# Burnout 3



## McMurphy (Jun 16, 2007)

Has or is anyone playing Burnout 3 for the Playstation 2?  I see that reviews for it are incredible, the game quite cheap, and that EA still has the online server for the game up and running.


----------



## Rawled Demha (Jun 16, 2007)

3 was takedown wasnt it? 

see now, for playability, burnout 2oint of impact was the best for me - it was jus soo smooth, with very few interruptions. the later versions improved on the graphics but sacrificed the gameplay - 

3 was alright, but i preferred 2. i couldnt go back to it, tho, cos the graphics were so much better on 3, but the crummy aftertouch effect was a little too much for me - i jus wanted to get back to the racing.
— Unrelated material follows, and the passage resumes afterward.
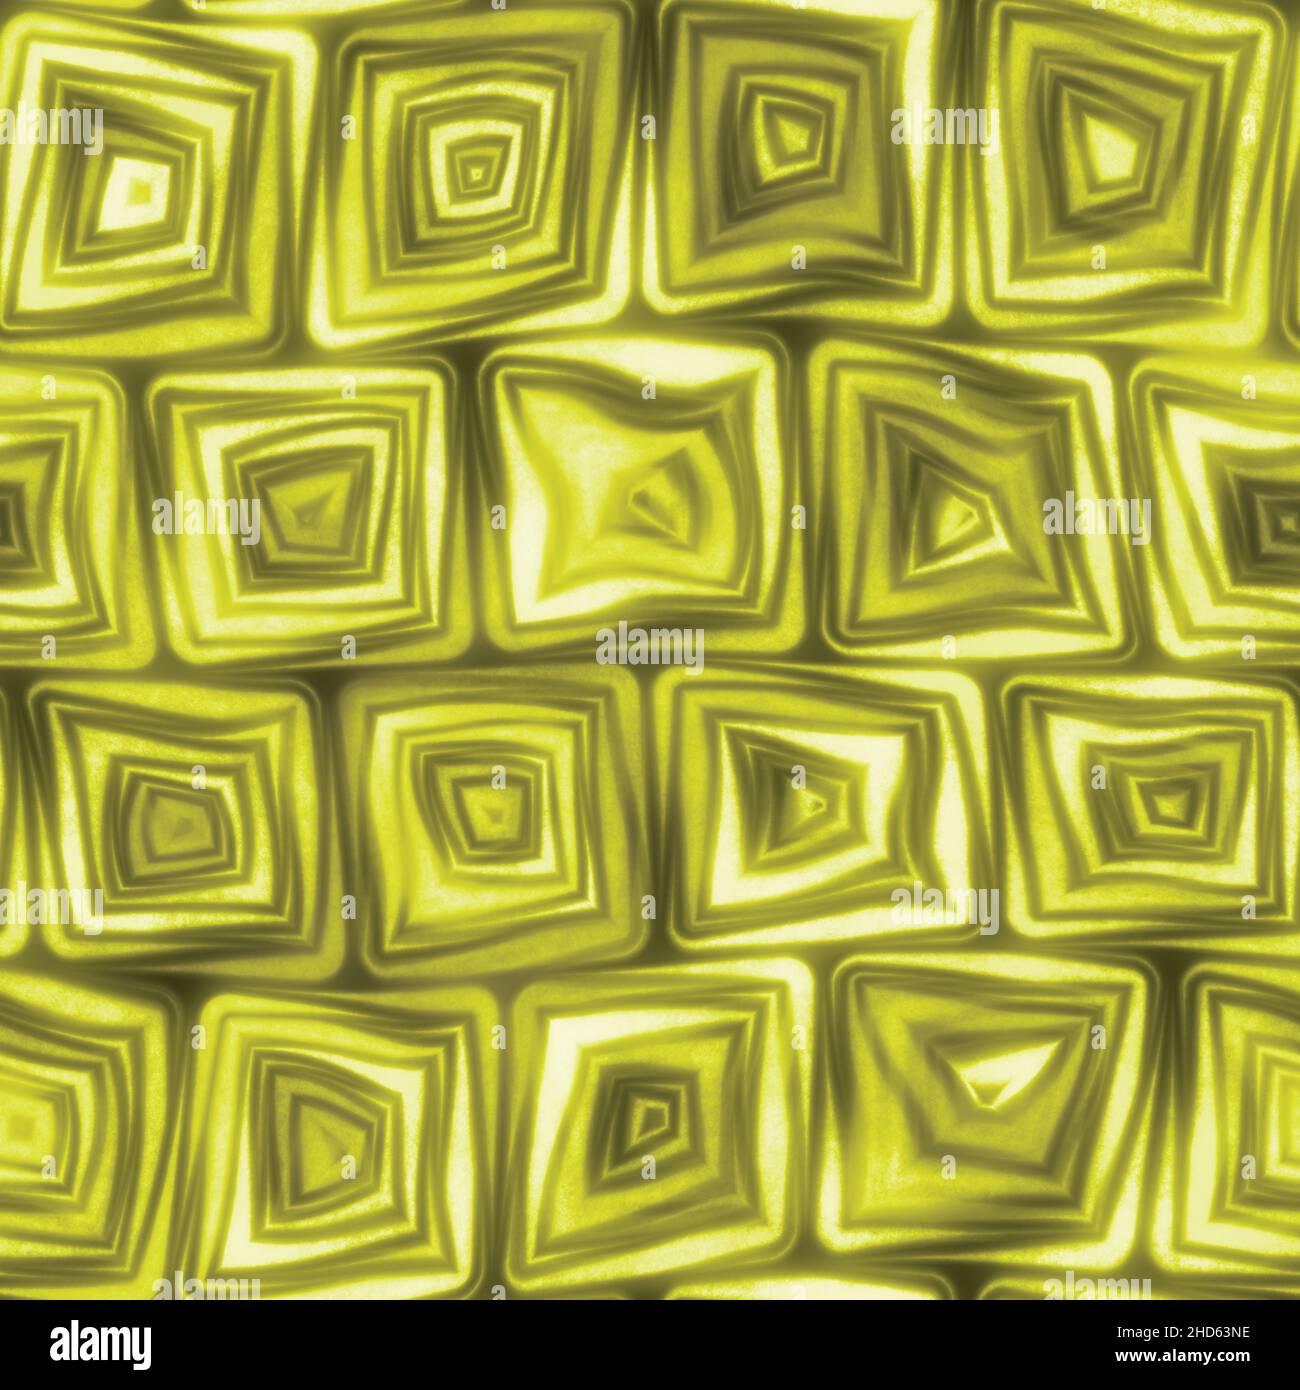 Large Golden Yellow Squiggly Swirly Spiral Squares Seamless Texture Pattern Stock Photo

in the same way, 4:revenge was alright, but it still didnt touch 2 for playability. the aftertouch did come in handy for vendettas tho... i never bought it tho...i dont think i ever saw it on ps2, only played it on 360.


----------



## McMurphy (Jun 16, 2007)

Yeah, I saw the other chapters on sale, but, since I have not played the franchise before, I went entirely by reviews.  I was really interested to hear if other people were playing the game because the server allows people all over the world to play with each other rather than, for instance, keeping American players within their own country borders.


----------